I am testing an SMTP server on a remote system (SMTP test) via a VPN with an agent. Everything seems in order:
- The interval is set to 2 minutes.
- The timeout is 60 sec
- And the test has a master "ping" test.
- And the "ping" test has a master test on the VPN connection (ping on the receiving interface on the remote router)
My problem is that the test regularly becomes unknown: maximum Alive duration is around 30~45 minutes, sometimes better sometimes worse, then a few bad, so HM displays RMA: cannot read data, so I only get an 87% alive%. The ping test is usualy very good (<50ms) during that time.

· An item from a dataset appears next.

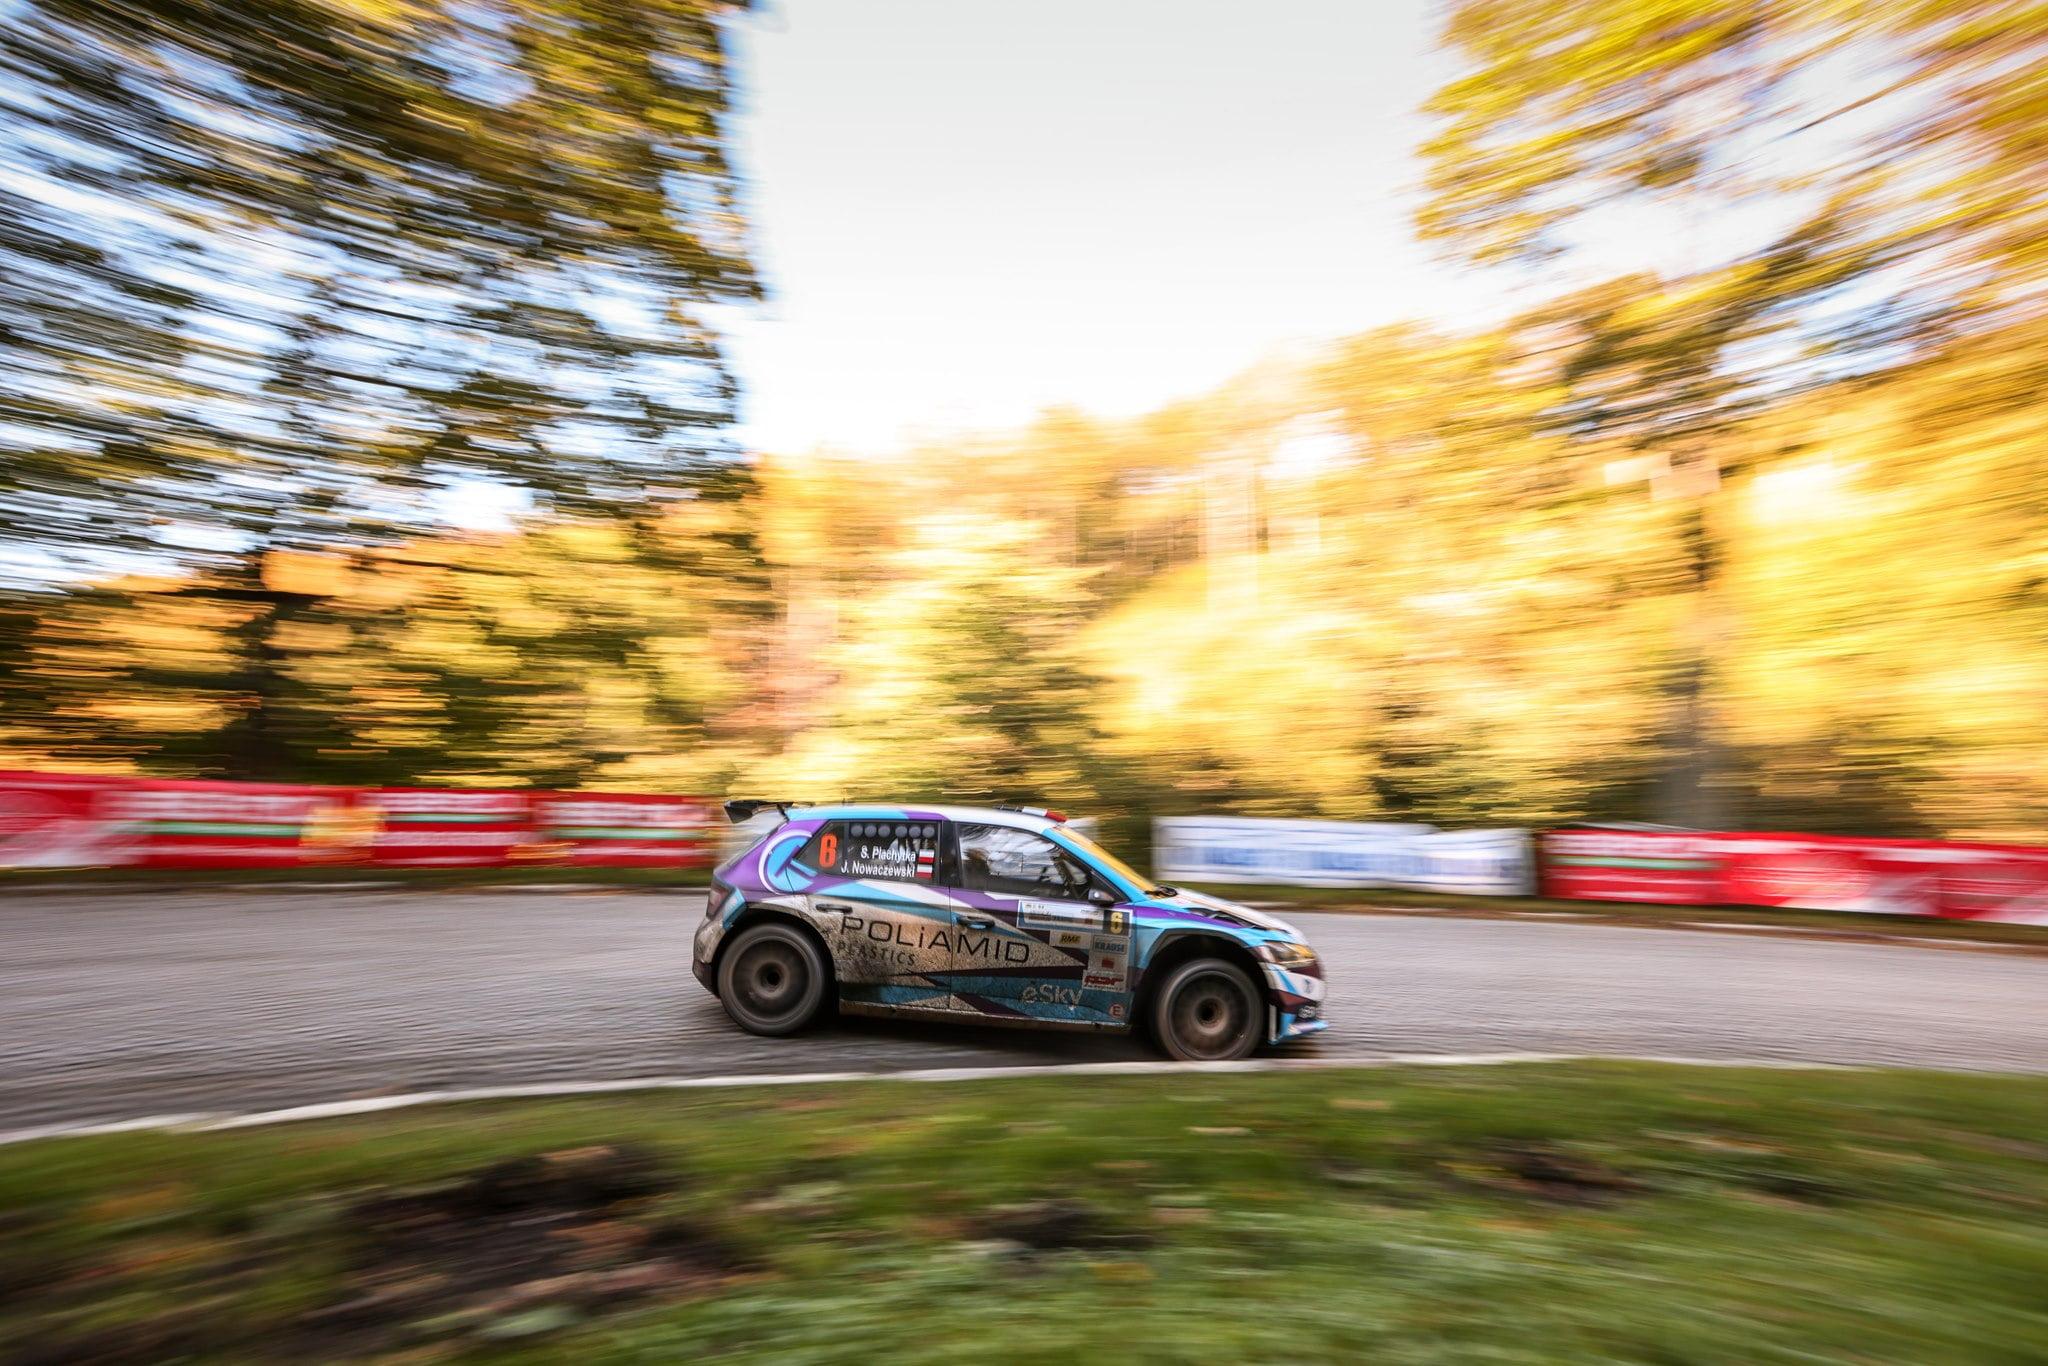 Poliamid Rally Team Fabia R5 2020

I have decreased the Email alert to 5 bad (it was 3 before) to reduce the false alert mails, also, I removed "Treat Unknown status as Bad" because the test seems to loose credibility as you will understand.
Could it be that HM has problems reading the Agent? If not, is my interval too tight? Or is the Agent overloaded? Do I have to set the test differently?
Would it be possible that the agents would keep let's say 1 hour of results if it does not get any reqests from HM? Then a reboot of the HM server would practically be seemless in the tests continuity, same for an RMA connexion loss.
I could send you logs if it helps (and if you have time to read these!)
While waiting for your answer, we will update and reboot the server during the maintenance window tonight after midnight, maybe it will help.
Again, thank you for your time,